Thanks for your quick reply. I have installed the latest microcode 0x5003302
now (manually, because the version provided by the distro was still using
version 0x5003102).

After that, I tried writing the value 0x2a80 from userspace, and
that did not cause a trap, so I assume that fixed it.

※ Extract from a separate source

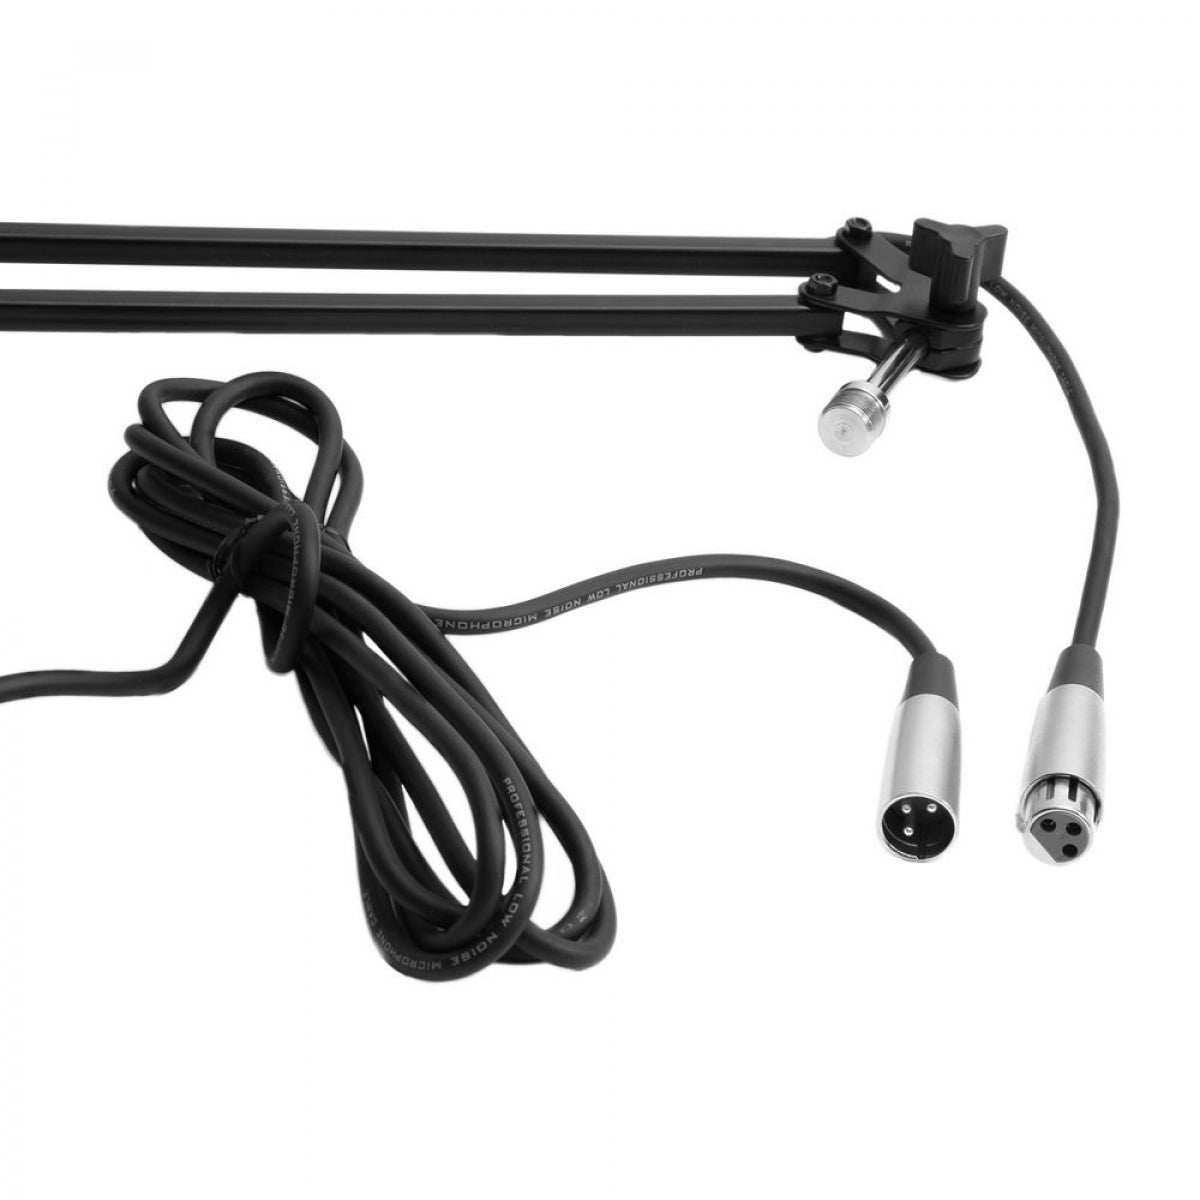 On-Stage MBS5000 Articulating Broadcast/Podcast/Studio Microphone Boom Arm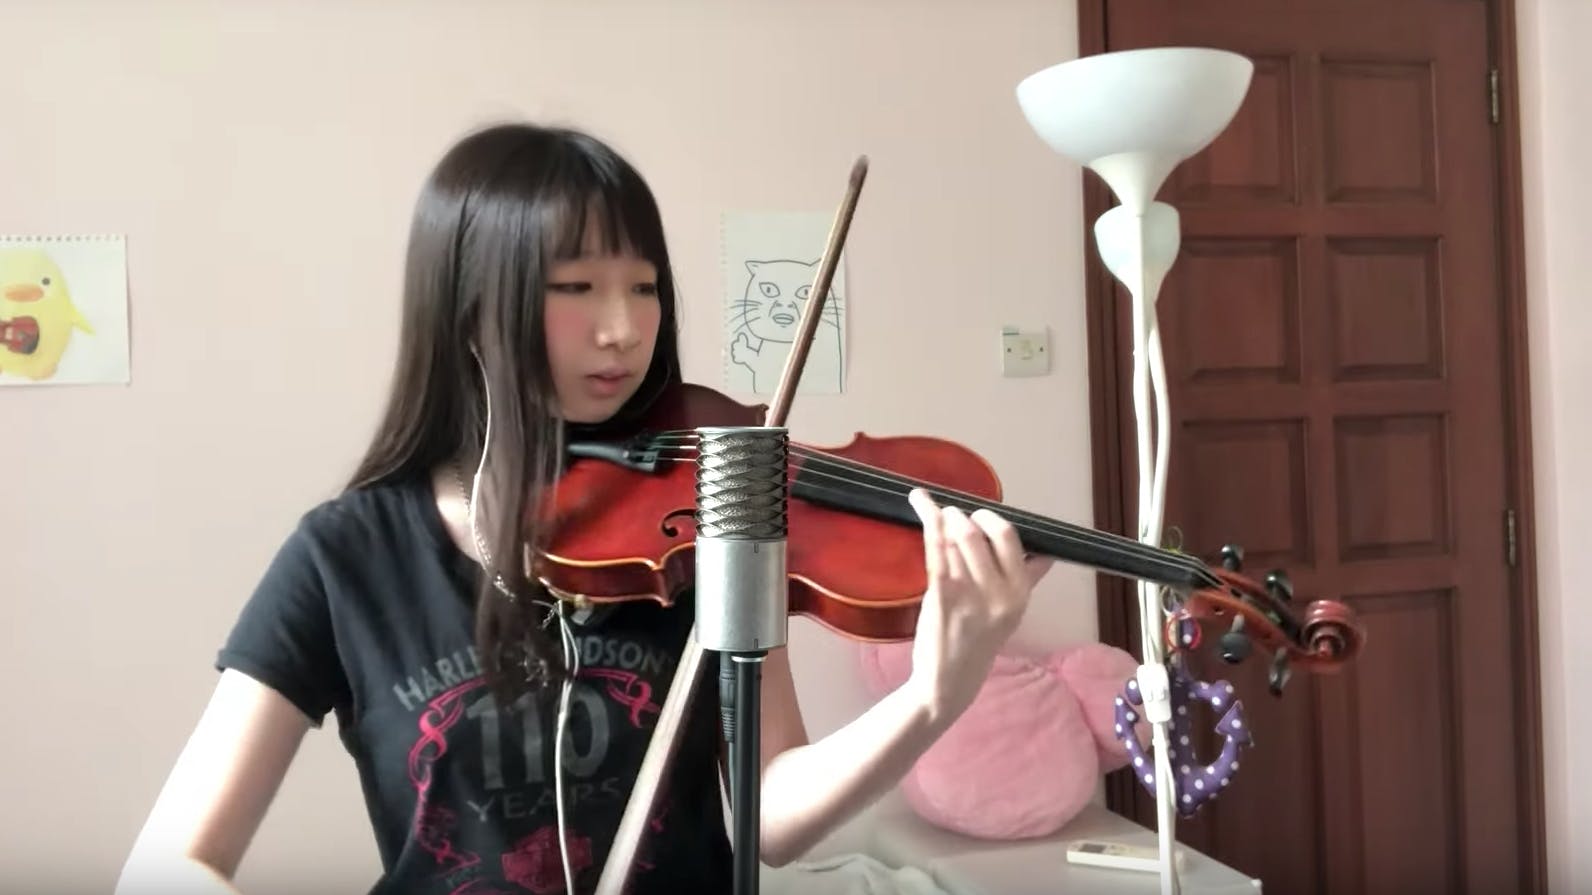 Watch This Incredible Violin Cover Of Slipknot's Unsainted

It's hard to be sure, as the system has only run into the broken
state twice during its life, and now it's fine. I'll reply here if it
ever comes back with the new microcode.

Thanks a lot!

       Arnd
srinivas pandruvada June 2, 2022, 4:25 p.m. UTC | #3
On Thu, 2022-06-02 at 18:18 +0200, Arnd Bergmann wrote:
> On Thu, Jun 2, 2022 at 5:52 PM srinivas pandruvada
> <srinivas.pandruvada@linux.intel.com> wrote:
> > 
> > On Thu, 2022-06-02 at 11:19 +0200, Arnd Bergmann wrote:
> > > I have a Xeon W-2265 (family 6, model 85, stepping 7) that
> > > started
> > > constantly spewing messages from the therm_throt driver after one
> > > core overheated:
> > > 
> > I think this is a Cascade Lake system. Have you tried the latest
> > micro-
> > code?
> 
> Thanks for your quick reply. I have installed the latest microcode
> 0x5003302
> now (manually, because the version provided by the distro was still
> using
> version 0x5003102).
> 
> After that, I tried writing the value 0x2a80 from userspace, and
> that did not cause a trap, so I assume that fixed it.
> 
Thanks for reporting.
I am aware of this issue and should be fixed by microcode update.

Thanks,
Srinivas

> It's hard to be sure, as the system has only run into the broken
> state twice during its life, and now it's fine. I'll reply here if it
> ever comes back with the new microcode.
> 
> Thanks a lot!
> 
>        Arnd
Arnd Bergmann June 2, 2022, 6:53 p.m. UTC | #4
On Thu, Jun 2, 2022 at 6:25 PM srinivas pandruvada
<srinivas.pandruvada@linux.intel.com> wrote:
> On Thu, 2022-06-02 at 18:18 +0200, Arnd Bergmann wrote:
> > On Thu, Jun 2, 2022 at 5:52 PM srinivas pandruvada
> > <srinivas.pandruvada@linux.intel.com> wrote:
> > >
> > > On Thu, 2022-06-02 at 11:19 +0200, Arnd Bergmann wrote:
> > > > I have a Xeon W-2265 (family 6, model 85, stepping 7) that
> > > > started
> > > > constantly spewing messages from the therm_throt driver after one
> > > > core overheated:
> > > >
> > > I think this is a Cascade Lake system. Have you tried the latest
> > > micro-
> > > code?
> >
> > Thanks for your quick reply. I have installed the latest microcode
> > 0x5003302
> > now (manually, because the version provided by the distro was still
> > using
> > version 0x5003102).
> >
> > After that, I tried writing the value 0x2a80 from userspace, and
> > that did not cause a trap, so I assume that fixed it.
> >
> Thanks for reporting.
> I am aware of this issue and should be fixed by microcode update.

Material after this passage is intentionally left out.